I'm not sure how much this will help you but I hope it gives some pointers.

Here is a Mathematica function which computes the probability under the distributions for a circle of radius separation/2 for two ships with a normal distribution of position with variance 0.2. A variance of 0.2 is close to the 95% certainly level.

In brief it defines a mixture distribution in 2 dimensions with covariance matrix {{0.2,0},{0,0.2}} (* other covariance matrices would account for elliptical distributions *). Forms the probability distribution function for that mixture and then numerically integrates it over the required range.

(* Uses absolute separation distance rotated to the x axis *)

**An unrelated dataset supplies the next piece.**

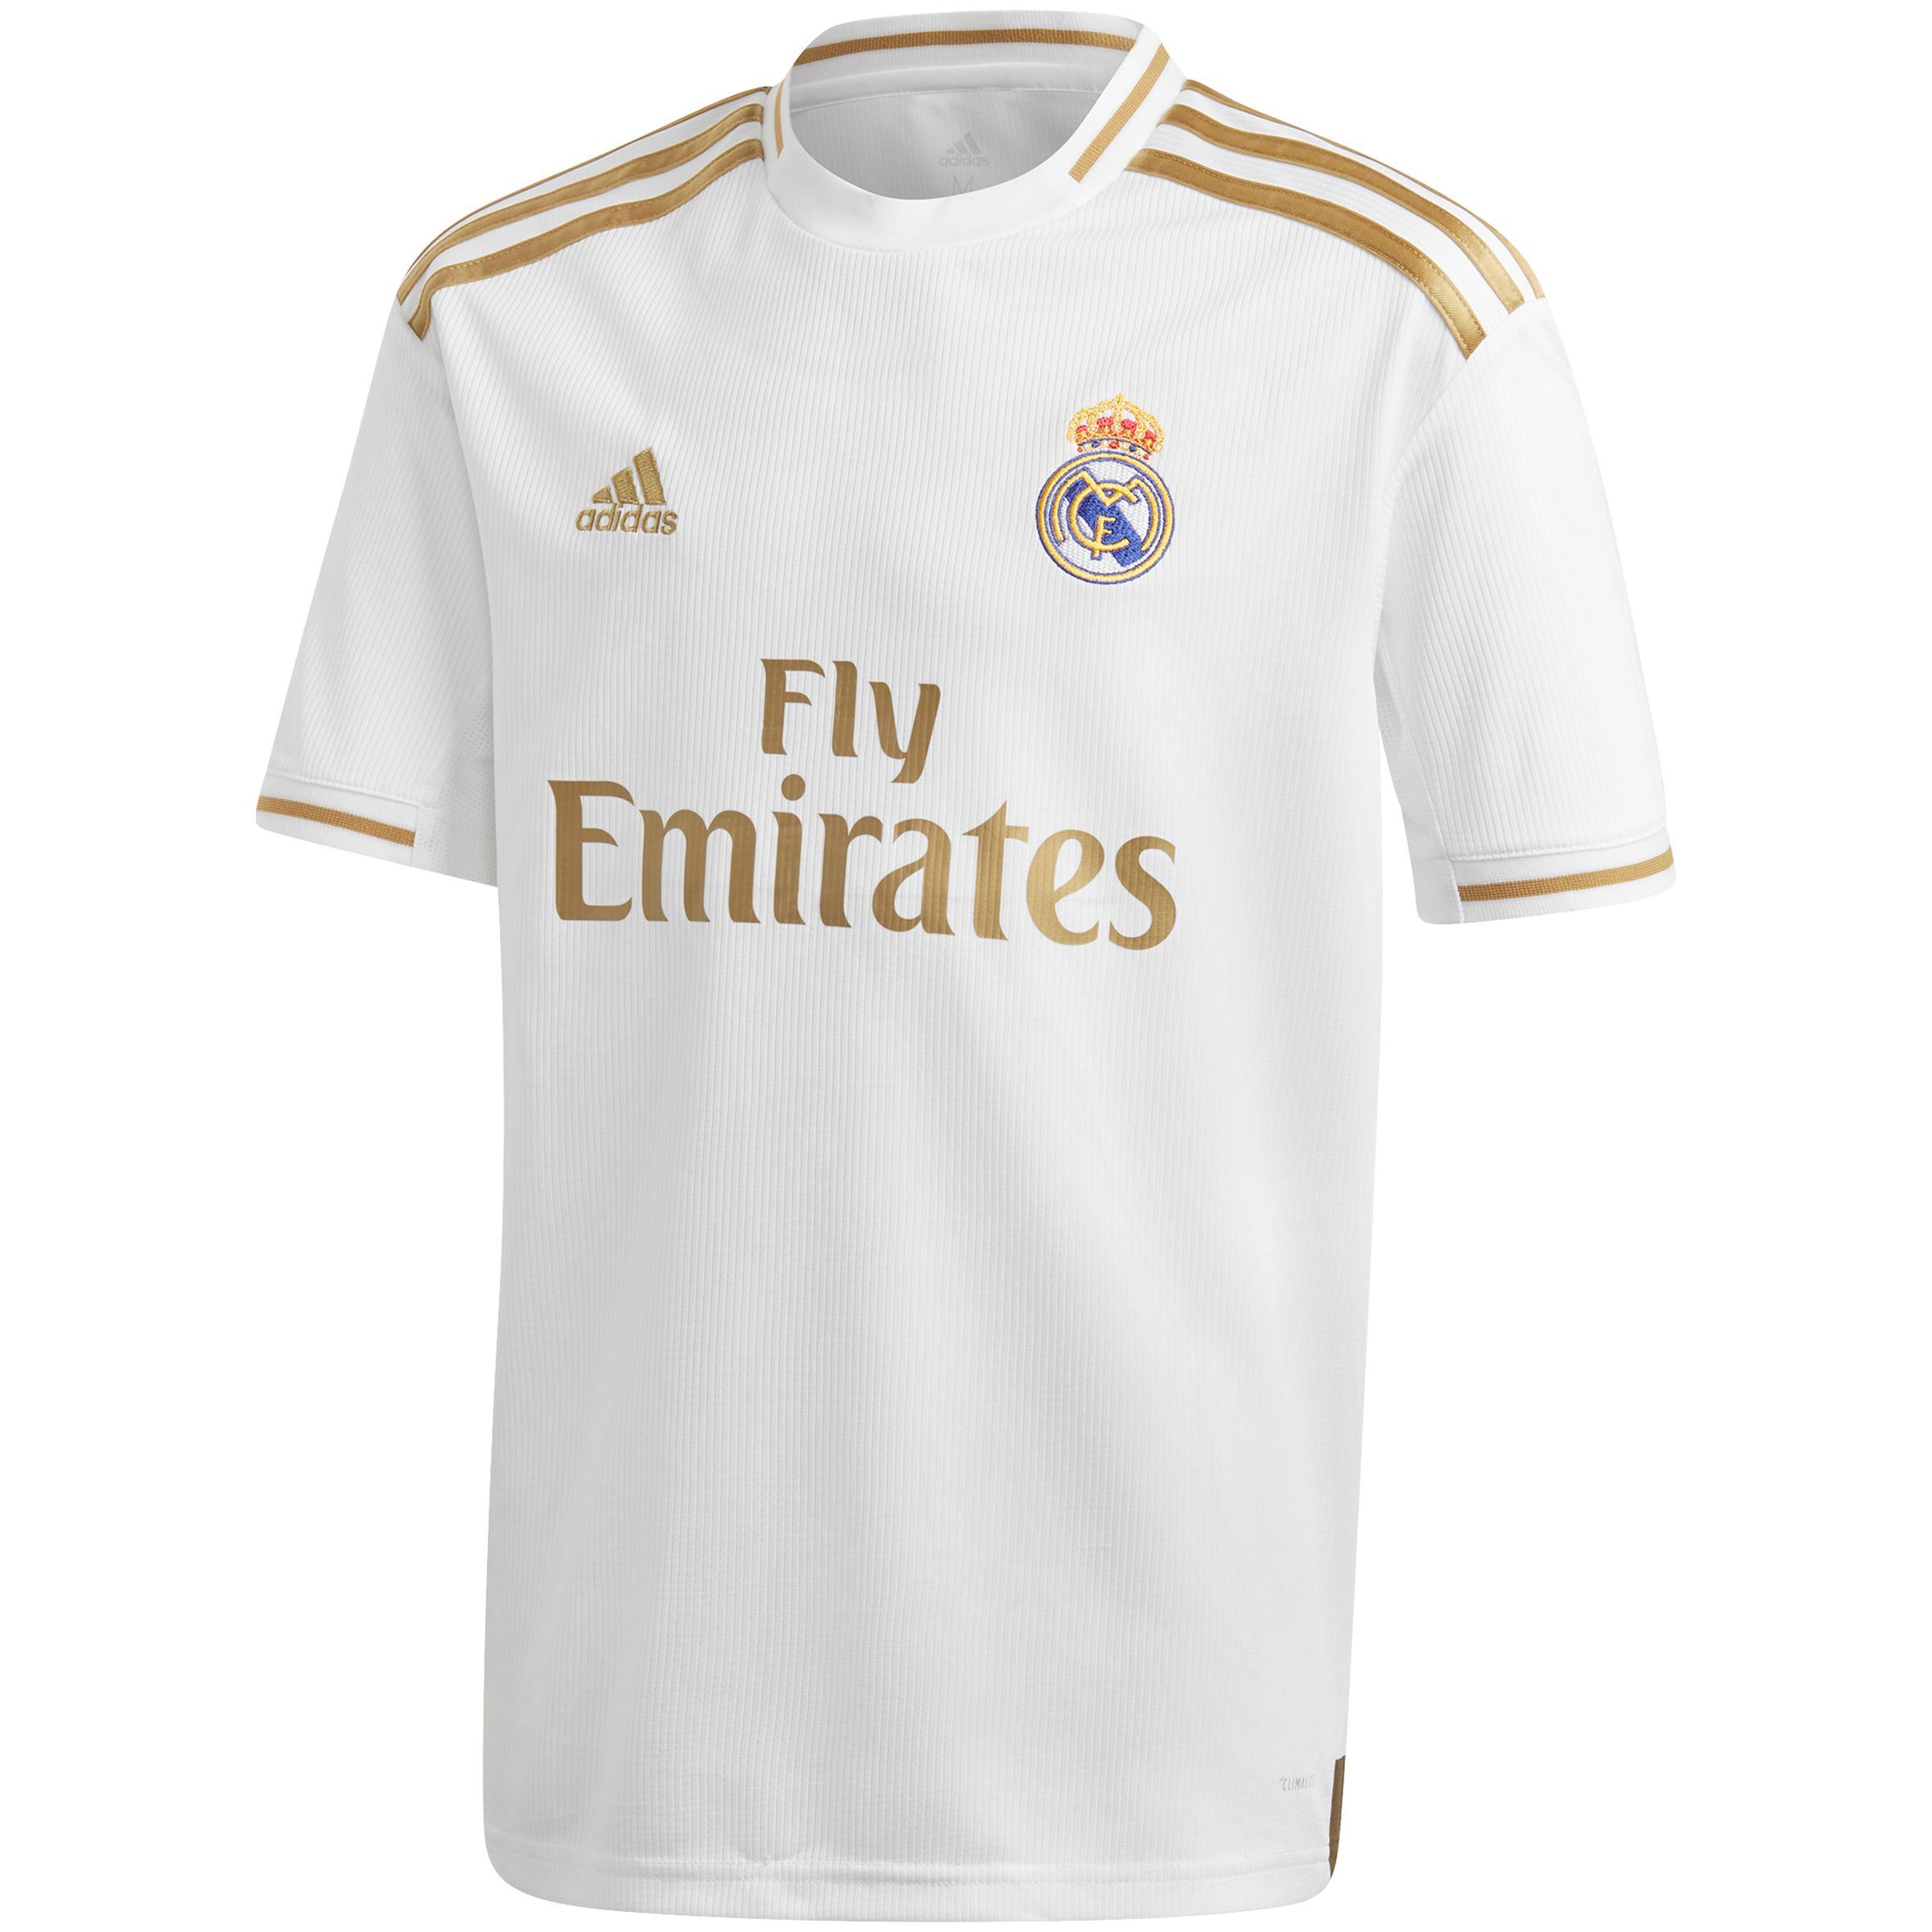 fly emirates shirt adidas jersey on sale

probProximity[reportedSeparationMiles_, probabiityRangeMiles_] := 
 With[{dist = MixtureDistribution[{1, 1},
 {MultinormalDistribution[{-(reportedSeparationMiles/2),0}, {{0.2, 0}, {0,0.2}}], 
  MultinormalDistribution[{  reportedSeparationMiles/2, 0}, {{0.2, 0}, {0,0.2}}]}]}, 
  NIntegrate[
   PDF[dist][{x, y}] 
   Boole[Abs[\[Sqrt]((0 - x)^2 + (0 - y)^2)] <= probabiityRangeMiles/2], 
   {x, -(probabiityRangeMiles/2), probabiityRangeMiles/2}, 
   {y, -(probabiityRangeMiles/2), probabiityRangeMiles/2}]]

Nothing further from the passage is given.